• Data block:
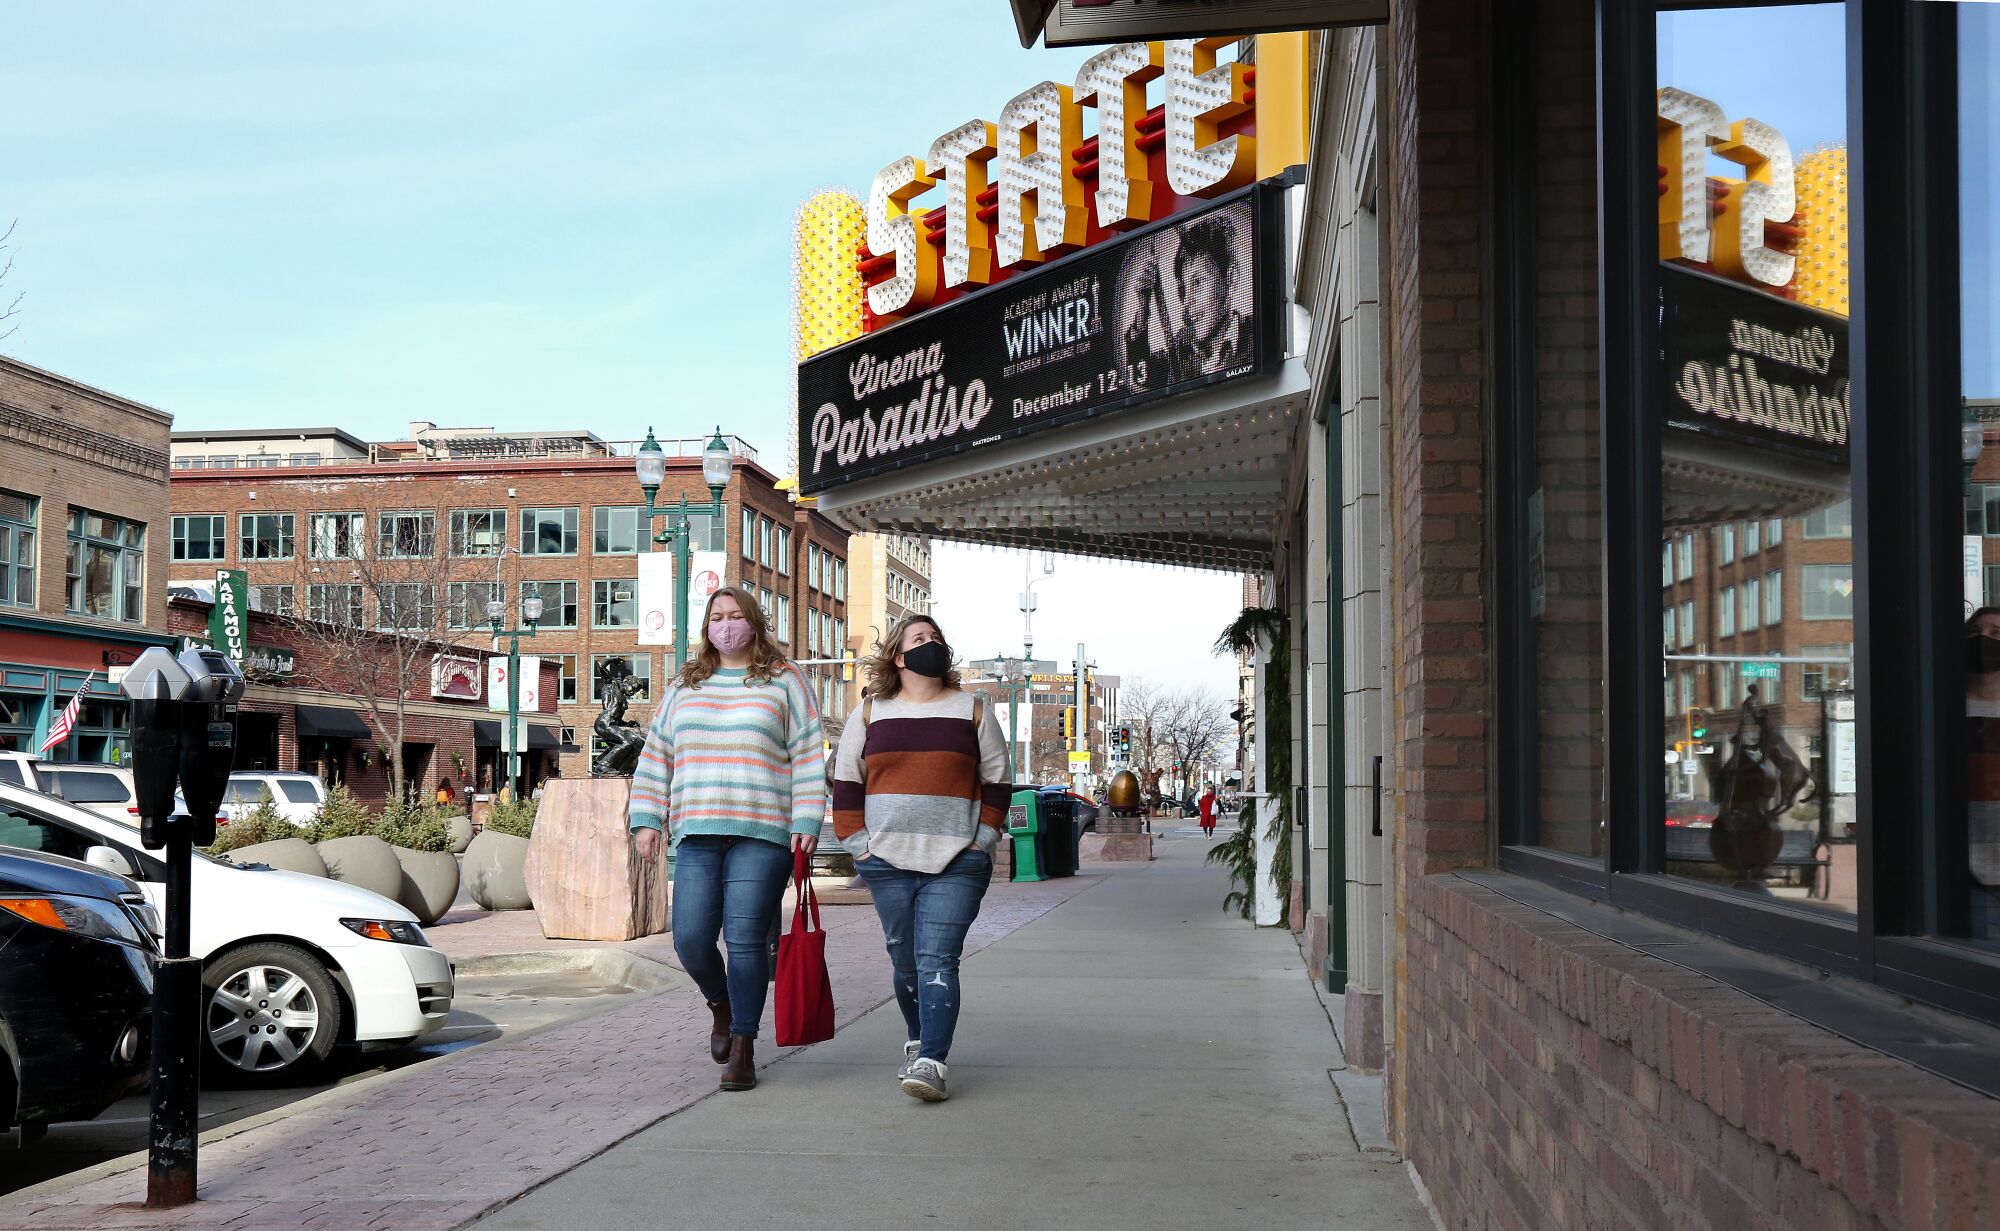 Residents walk along Phillips Ave, a main commercial street in downtown Sioux Falls.
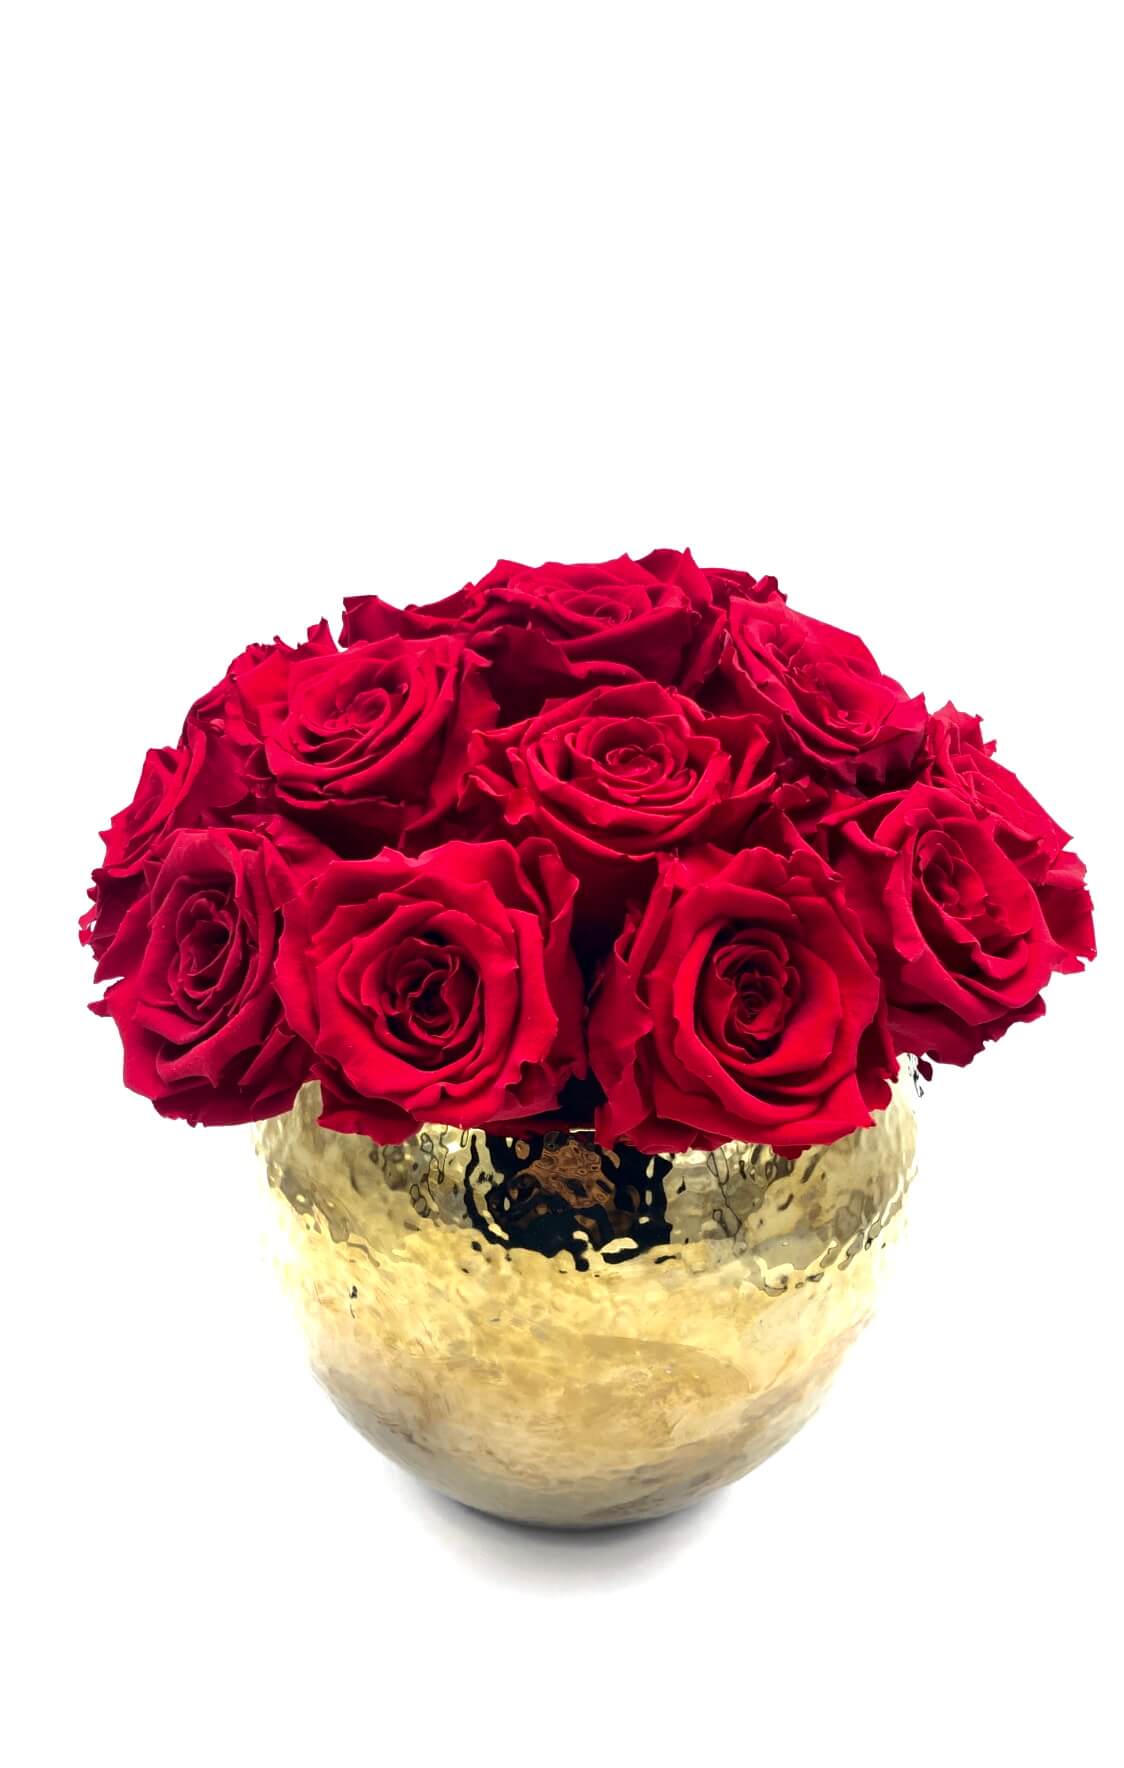 ETERNAL BLISS ANTIQUE TEXTURIZED GOLD VASE WITH PRESERVED RED ROSES - DOME SHAPE
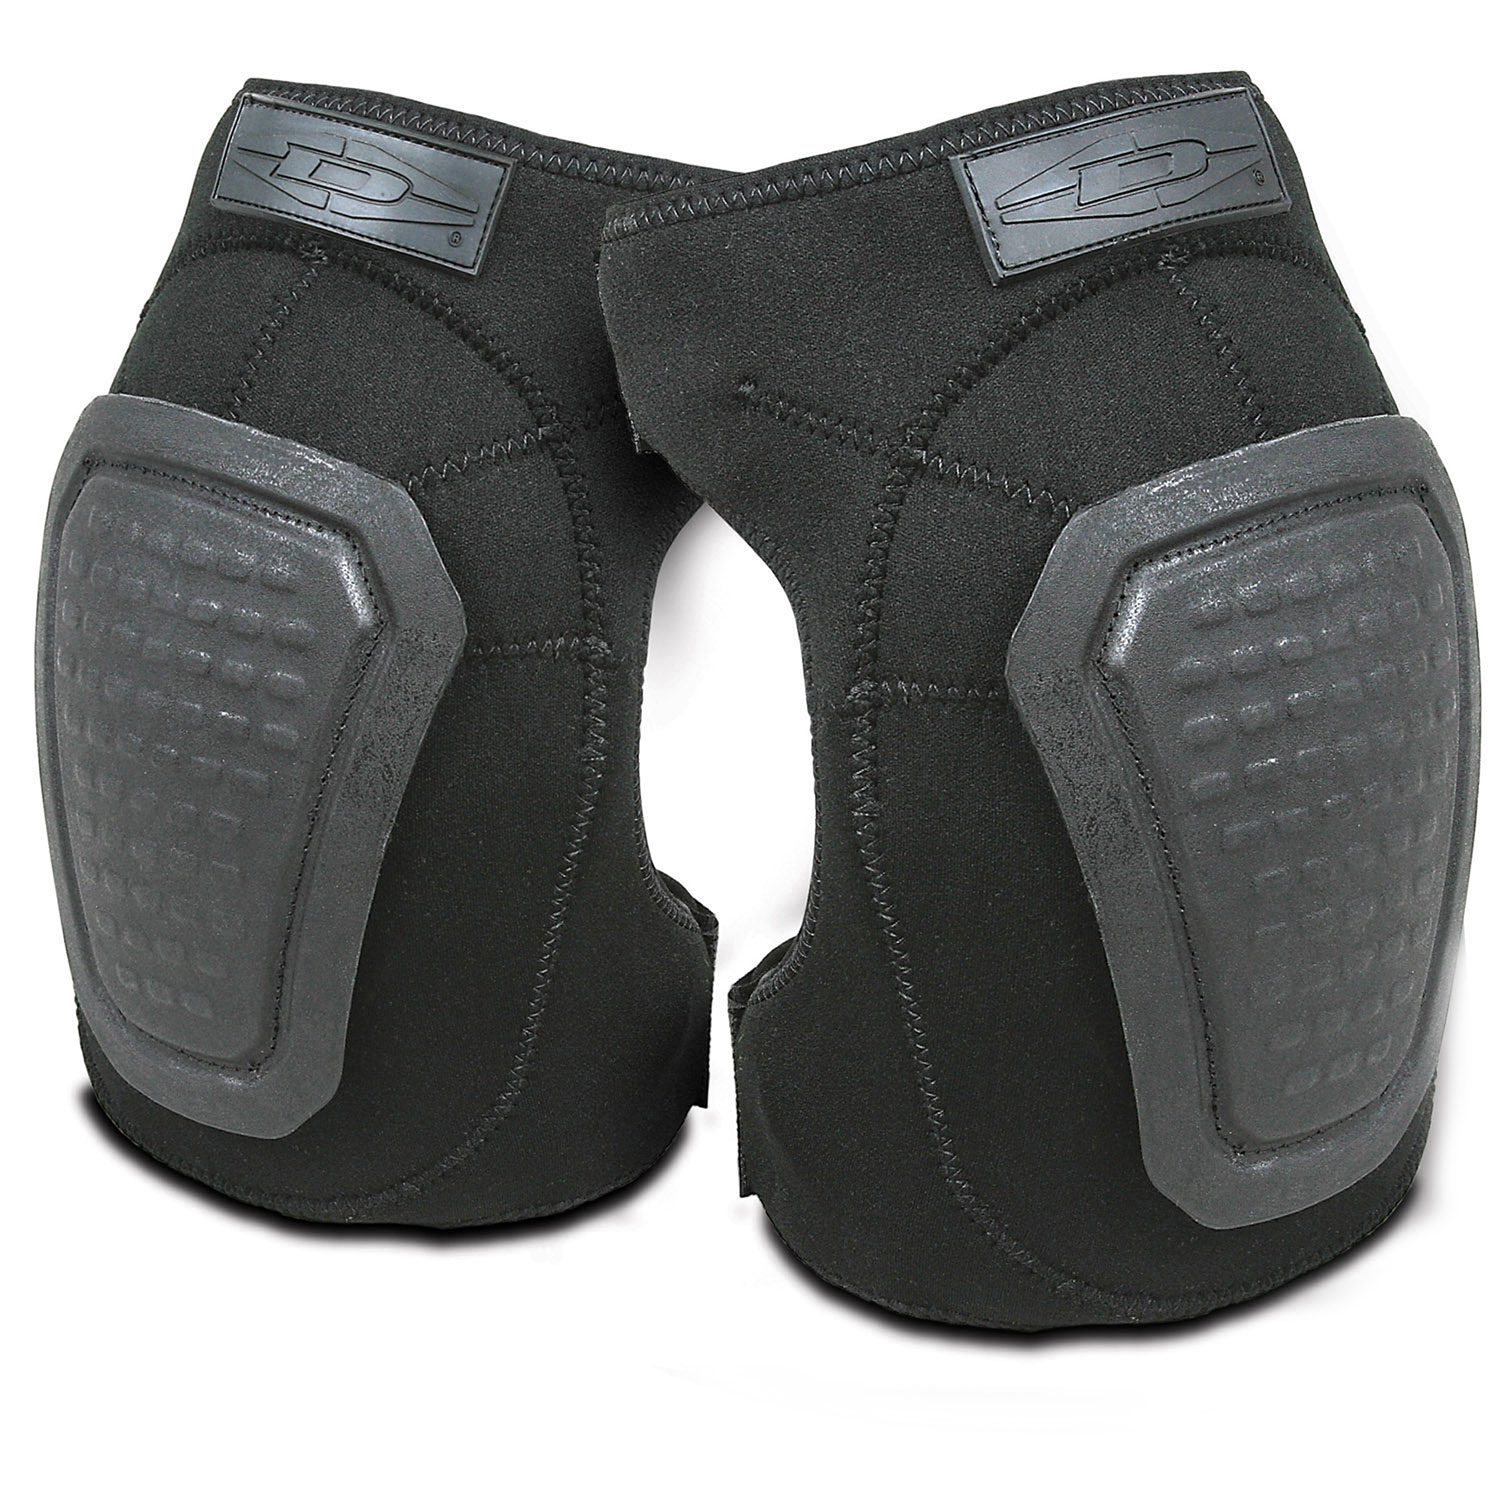 DAMASCUS IMPERIAL NEOPRENE KNEE PADS WITH REINFORCED NON-SLI

• Your goal:
Write out the material above without changing a word, and skip any picture.

• Solution to this problem:
 Residents walk along Phillips Ave, a main commercial street in downtown Sioux Falls.
 ETERNAL BLISS ANTIQUE TEXTURIZED GOLD VASE WITH PRESERVED RED ROSES - DOME SHAPE
 DAMASCUS IMPERIAL NEOPRENE KNEE PADS WITH REINFORCED NON-SLI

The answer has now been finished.